The next two diagrams are from their paper. The first shows various levels divided into superficial (blue) and deep (pink). If you look at ‘V1’ for example, you see that its superficial layer feeds into the superficial layer of V2. The main thing to notice is that deep layers don’t receive input from superficial layers of levels that are lower than the level they are part of. Also the superficial layer of TEO, a level at the top of the hierarchy, sends feedback to a level near the bottom – the deep layers of level V2, and V2’s superficial layers sends a signal directly to a level at the top (MT). TEO’s deep layer sends a feedback signal to V2’s superficial layer as well. The original caption for this figure states: “Special patterns of connectivity from TEO to V3 and V2, involving crossed super-to-deep and deep-to-super pathways, provide top-down support for predictions based on high-level object representations (particularly important for novel test items).”
The second diagram shows only the deep section of each level (purple) next to a corresponding section of the pulvinar that it sends projections to. As you can see, the pulvinar that receives V1 information sends out error information via projections to many other areas. The original caption for the figure states: “Most areas send deep-layer prediction inputs into the main V1p prediction layer, and receive reciprocal error signals therefrom. The strongest constraint we found was that pulvinar outputs (colored green) must generally project only to higher areas, not to lower areas, with the exceptions of MTp –> V3 and LIPp –> V2”

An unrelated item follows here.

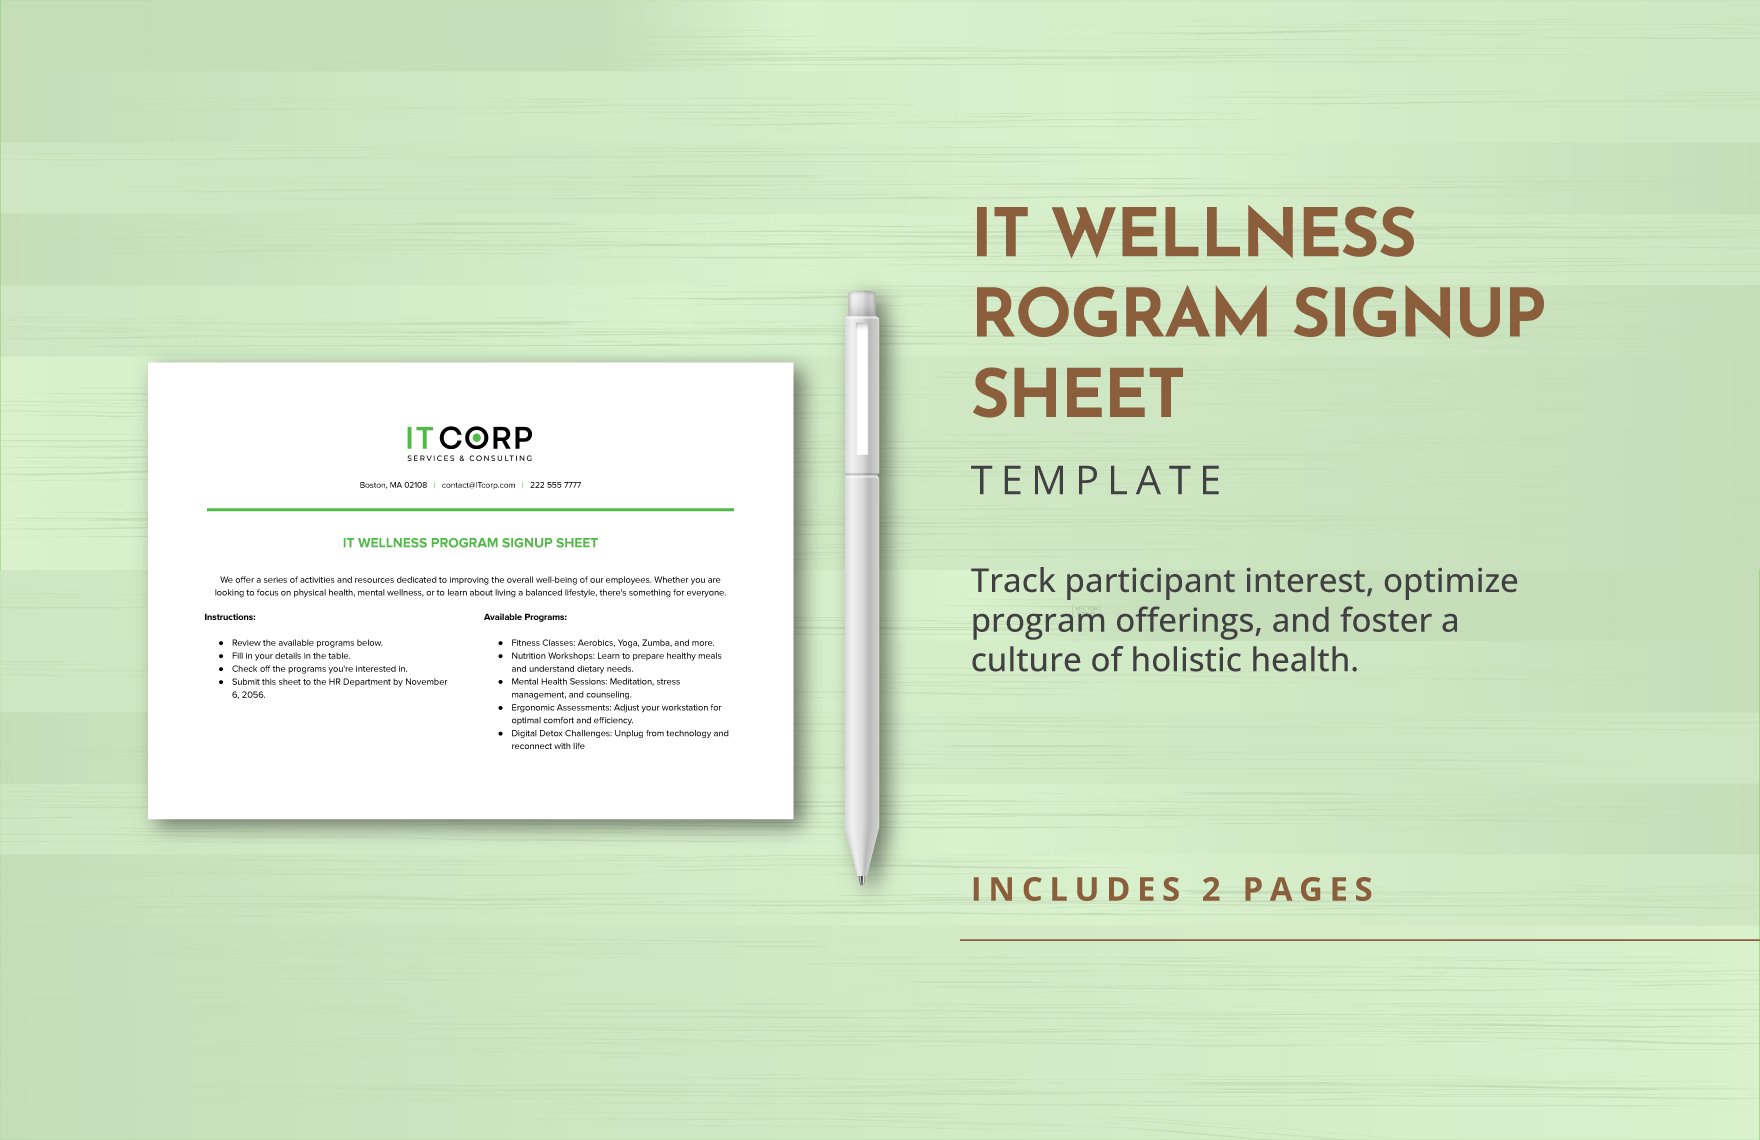 IT Wellness Program Signup Sheet Template

The exciting aspect of this model is that without a teacher, it learns to recognize objects, irrespective of movement.
The authors are now looking at modeling 3D objects and also plan to combine auditory information with the visual model they have constructed so far.
Deep Predictive Learning: A Comprehensive Model of Three Visual Streams
Randall C. O’Reilly, Dean R. Wyatte, and John Rohrlich Department of Psychology and Neuroscience University of Colorado Boulder, 345 UCB, Boulder, CO 80309
CCNBook — https://grey.colorado.edu/CompCogNeuro/index.php/CCNBook/Main
e-cortex is a company that Randall O’Reilly works at – eCortex research has been commissioned by some of the biggest government and commercial entities with interest in applied brain-based artificial intelligence
to be more accurate, the deep layer represents 100 milliseconds of information, not just 75, because its processing overlaps with the 25 milliseconds of the ‘ground truth signal’ that is sent to the pulvinar.